Nextflow supports Docker and Singularity containers technology.

This, along with the integration of the GitHub code sharing platform, allows you to write self-contained pipelines, manage versions and to rapidly reproduce any former configuration. It provides out of the box executors for SGE, LSF, SLURM, PBS and HTCondor batch schedulers and for Kubernetes and Amazon AWS cloud platforms. Nextflow is based on the dataflow programming model which greatly simplifies writing complex distributed pipelines Parallelisation is implicitly defined by the processes input and output declarations. The resulting applications are inherently parallel and can scale-up or scale-out, transparently, without having to adapt to a specific platform architecture. All the intermediate results produced during the pipeline execution are automatically tracked. Stream oriented Nextflow extends the Unix pipes model with a fluent DSL, allowing you to handle complex stream interactions easily.


This group is interested in a communication mechanism, maybe a slack channel or maybe a part of biostars?

Experimental failures small group: Have evidence before pointing fingers... Some groups go-pro film a sample prep, can you imagine. Jointly meet with PIs. Force people to fill out metadata spreadsheet or form before project? Earlier involvement of analysts is better. Some places have a conflict resolution mechanism btw groups.

Ideas for group operations to follow up on:

Cloud/workflow discussion again?

More time? Ask for 3 hours next time. One comment that 8 minutes is too short, but some people liked it.

4-5 small groups might be better.

I'd love to have some topics we decide, but then allow people to submit posters and select talks from submitted posters.

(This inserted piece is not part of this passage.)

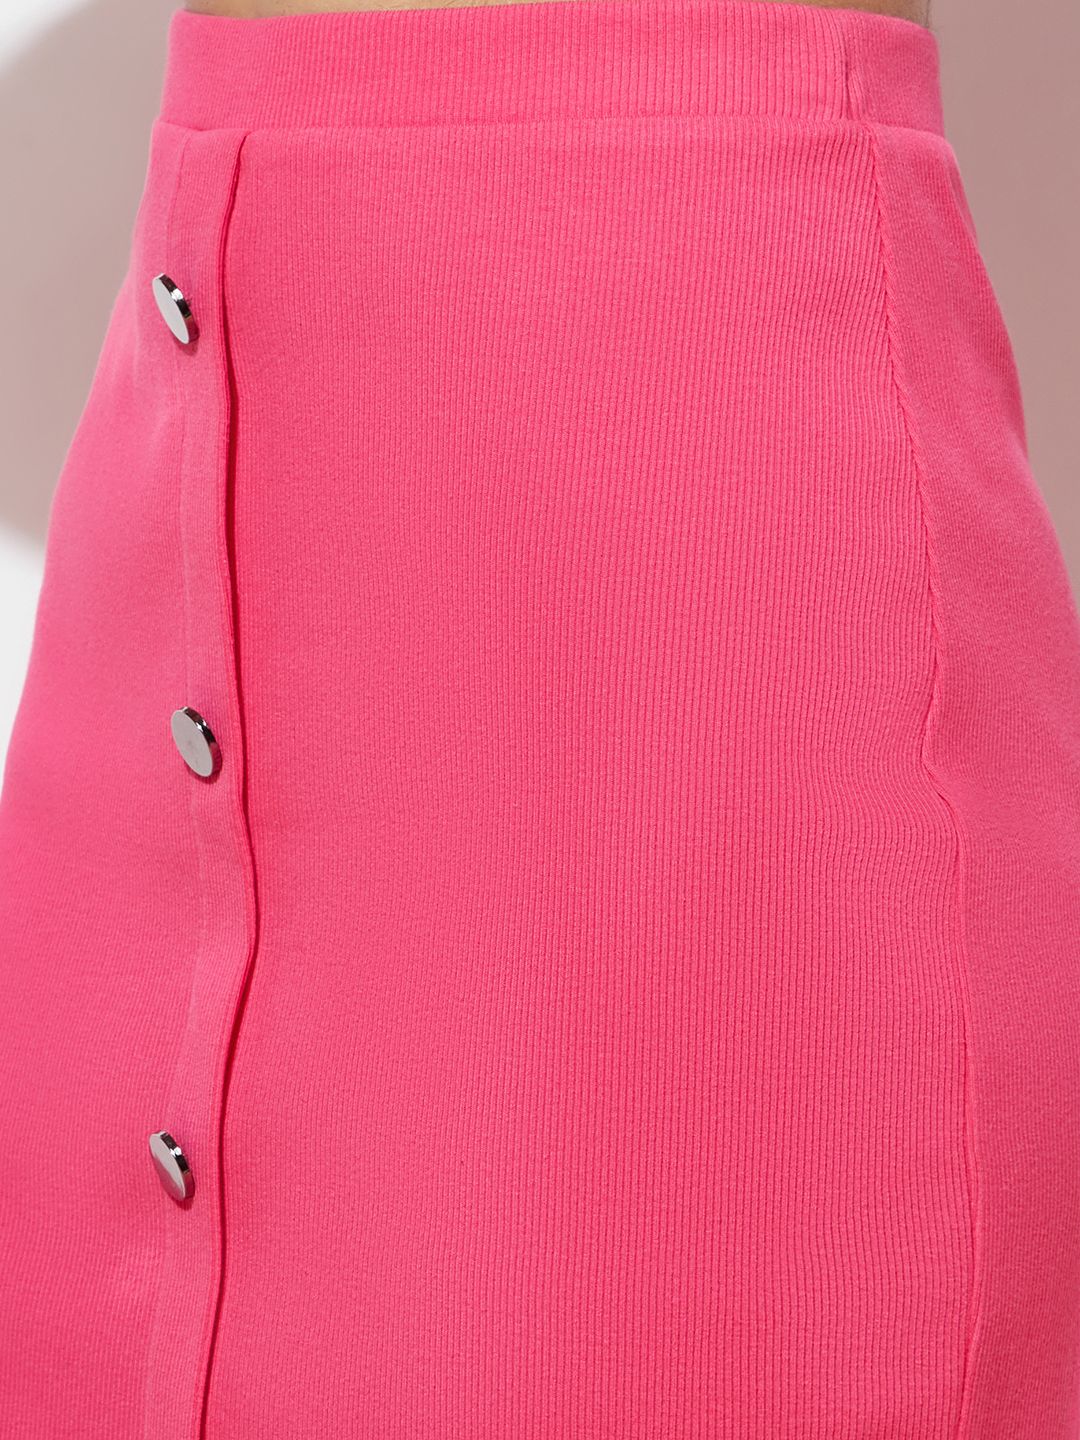 Crew-Neck Ribbed Bright Pink Crop Top and Skirt Set with Button Detail
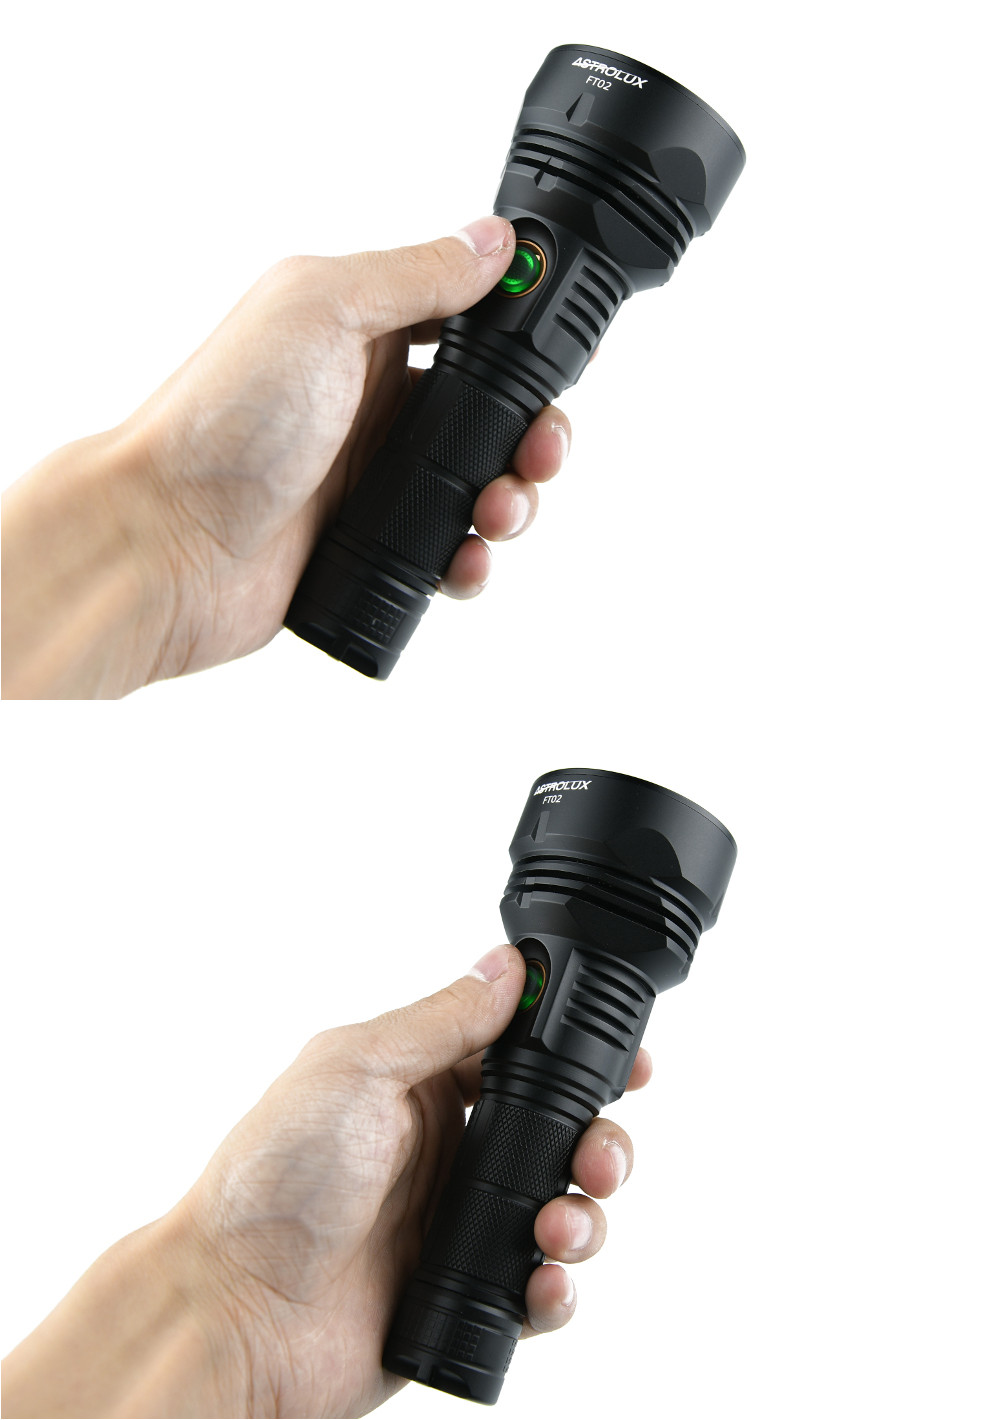 Astrolux-FT02-XHP35-HI-2200LM-Stepless-Dimming-USB-Rechargeable-Military-LED-Torch-High-Powerful-Hig-1375372

Sounds like we can get in on a monetary poster prize via ISCB. We could also seek our own sponsers and use the money for travel fellowships. ISCB will be our bank and hold funds in escrow.

Do we need to alter our communication strategy? A slack channel was requested by a few people. ISCB may give us access to Zoom for conf calls.

We will try to get the details on who checks the bioinfo-core box when registering... Right now (supposedly) ISCB will add those people to our mailing list, but we have not confirmed that this is happening. It would be good to verify.

Regarding workflows (edit Alastair) my issues are :

Most tutorials online are geared around a single user setting up the workflow software in a user account. Not many sys-admin friendly

   • How to configure a pipeline for all users 
   • How/where is  best to store pipelines and make accessible for users 
   • How bad are the docker vulnerabilities 
   • How to configure dockerised pipelines properly
   • How to convert docker pipelines  to singularity (with and without AWS) 
   • Easiest pipelines to create from scratch
   • Resources per pipeline language?  Such as yaml files for each tool? 
   • Running the pipeline manager: Once per user? How to enforce port usage? If once per server, how to only use individual users outputs?